Globalisasi yang terjadi di seluruh belahan dunia saat ini telah menghilangkan sekat-sekat geografis sehingga mengakibatkan dunia seolah menjadi sebuah wilayah tanpa batas. Kehidupan yang serba mengglobal ini pada gilirannya mempengaruhi segala aspek kegiatan dunia usaha dan berbagai profesi di dalamnya tidak terkecuali profesi public relations.



Di negara-negara maju, Public Relations atau hubungan masyarakat (humas) telah menjadi profesi yang sangat bergengsi dan terus berkembang (emerging profession) secara pesat. Namun di Indonesia, ilmu Public Relations (PR) atau Kehumasan bisa jadi merupakan sebuah ilmu yang relatif baru dikenal dibandingkan berbagai disiplin ilmu yang lain, yang ikut menjadi 'korban' globalisasi tersebut.


Pasalnya, public relations menjadi sebuah profesi yang cenderung multi-entry dicipliner di mana siapapun dapat memasuki profesi ini tanpa mengsyaratkan penguasaan keilmuan tertentu, yaitu ilmu komunikasi.

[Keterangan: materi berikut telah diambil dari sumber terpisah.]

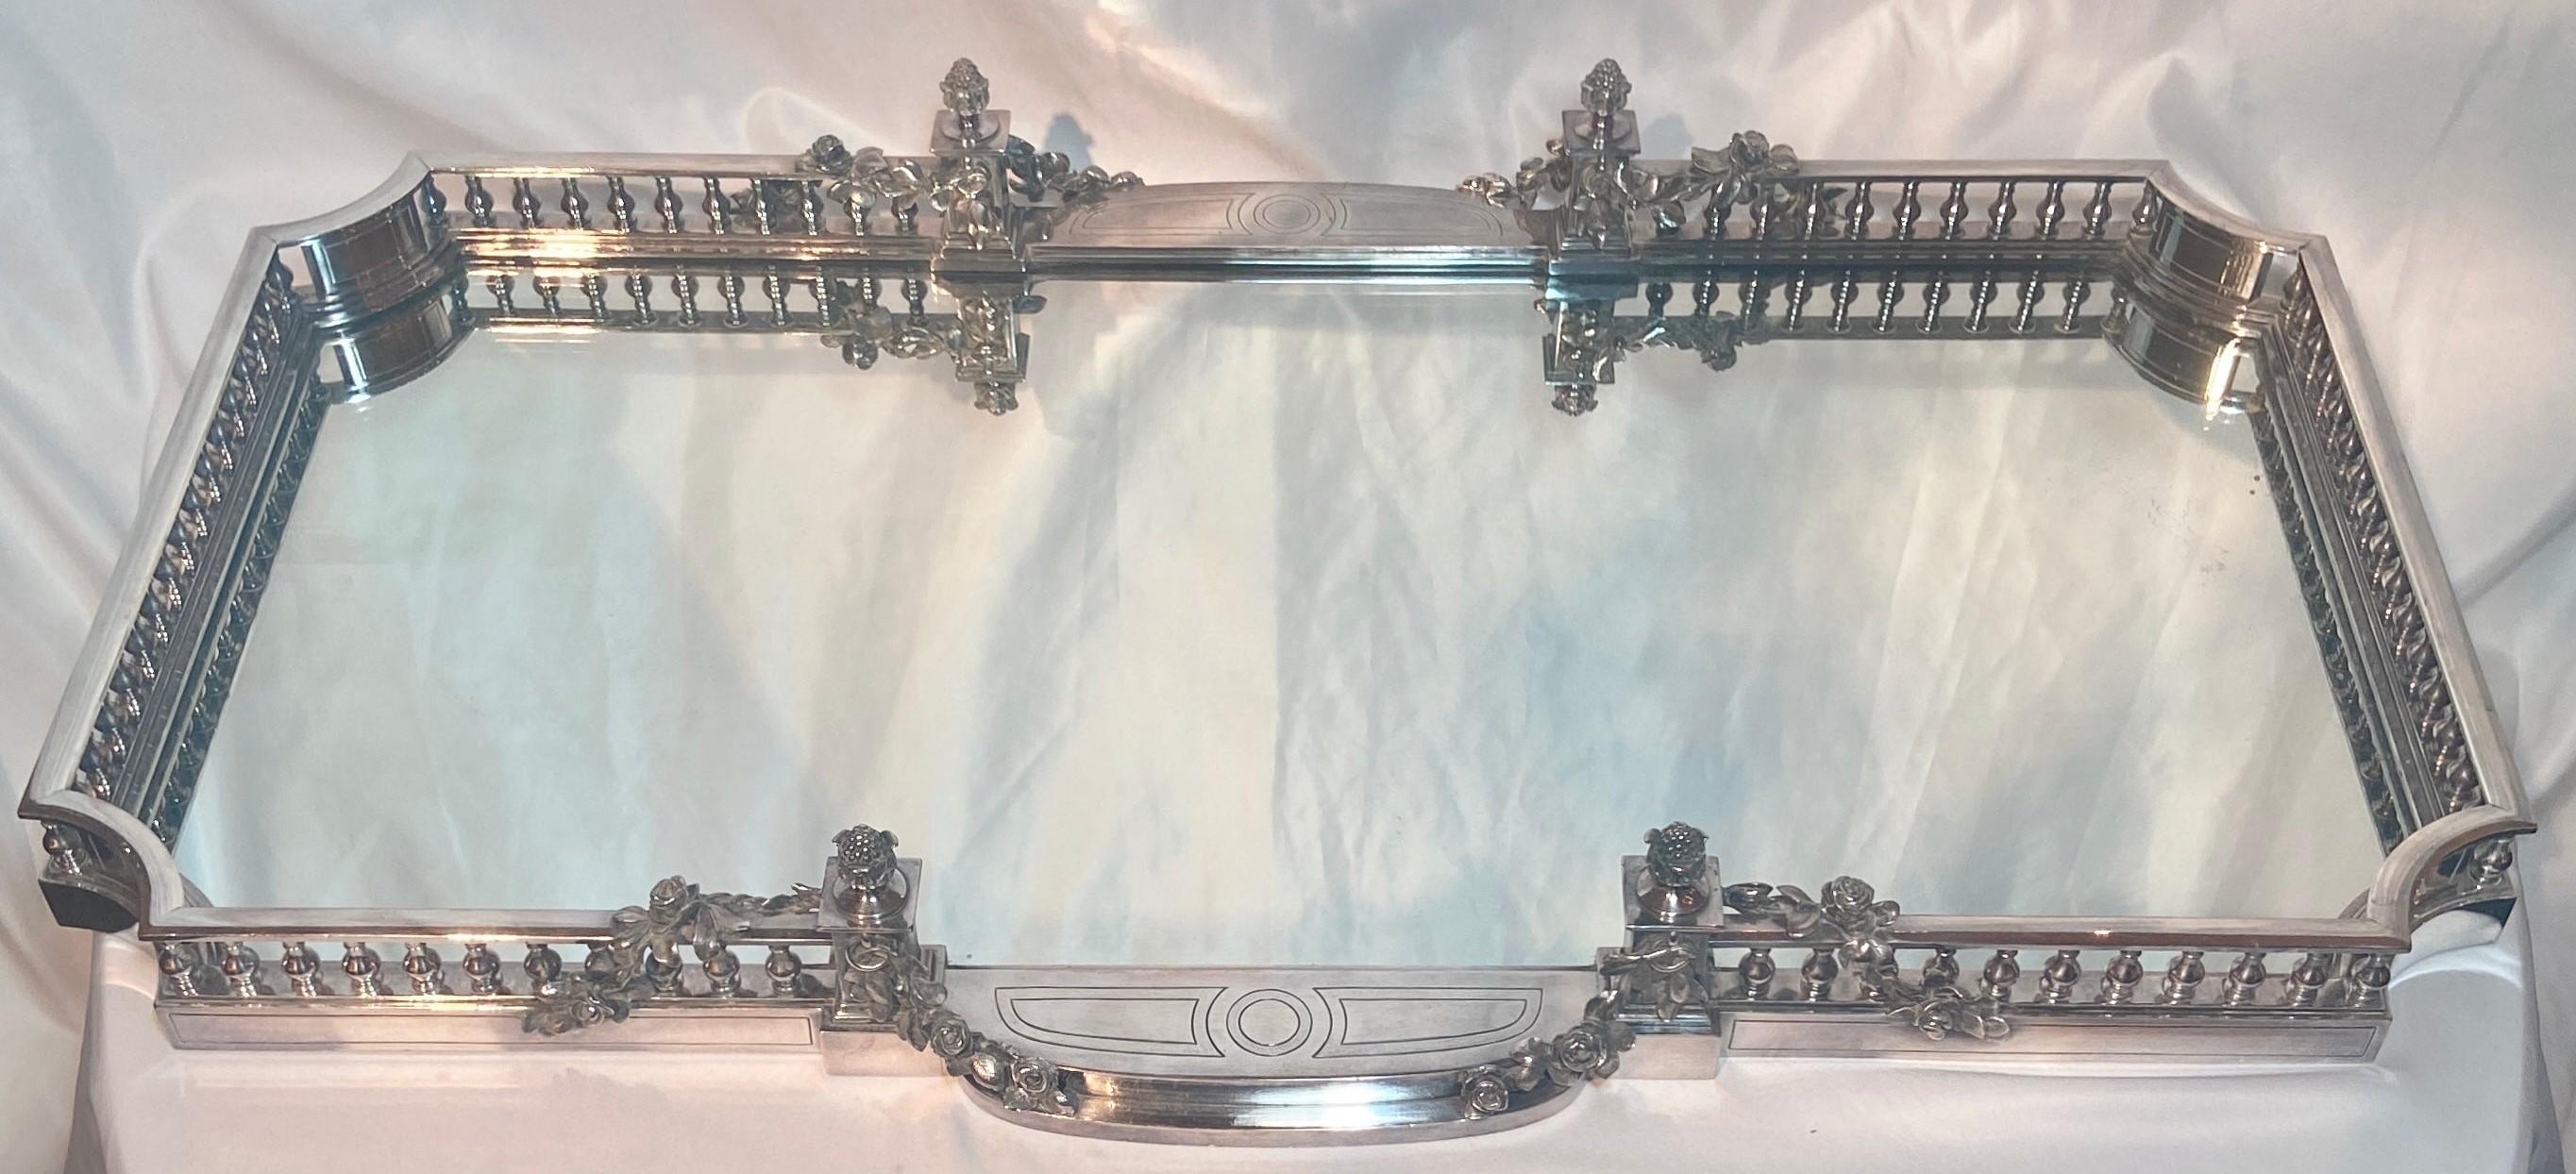 Antique French silvered bronze mirrored plateau in the form of a garden terrace made by Parisian Silversmith, 
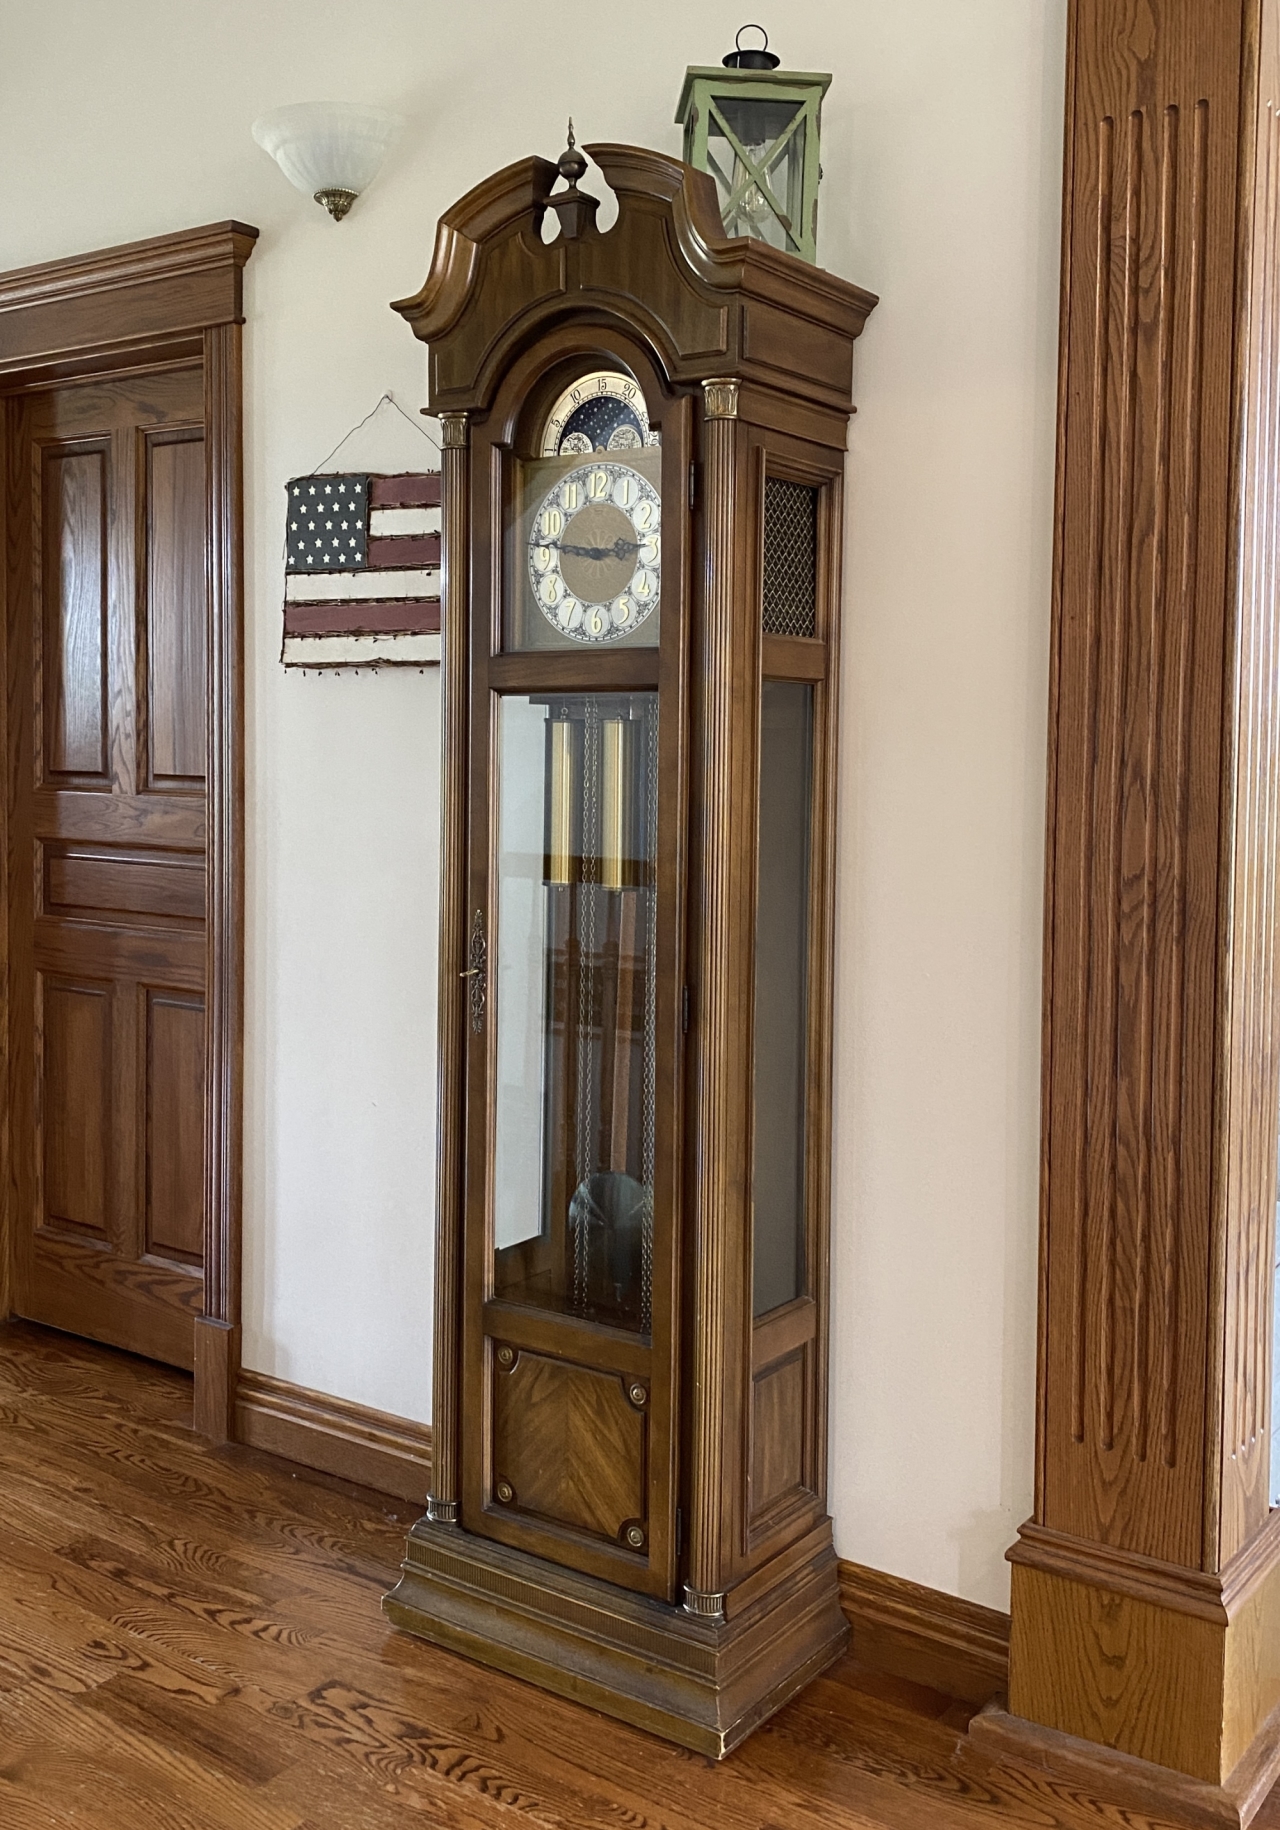 How to move grandfather clock Cube Moving guide

Saat ini, keberadaan profesi PR di dunia usaha pun terus mengalami peningkatan. Artinya, dunia usaha sedikit demi sedikit telah menyadari peran strategis PR tidak saja dalam membangun citra organisasi dan reputasi, tapi juga berkontribusi dalam penyelenggaraan tata kelola organisasi yang baik (Good Corporate Governance). Namun di lain pihak, peran para praktisi PR dalam institusi/organisasi di Indonesia pada umumnya belum berada di posisi yang layak khususnya dalam proses pengambilan keputusan, termasuk keputusan yang berhubungan dengan peran strategis PR itu sendiri.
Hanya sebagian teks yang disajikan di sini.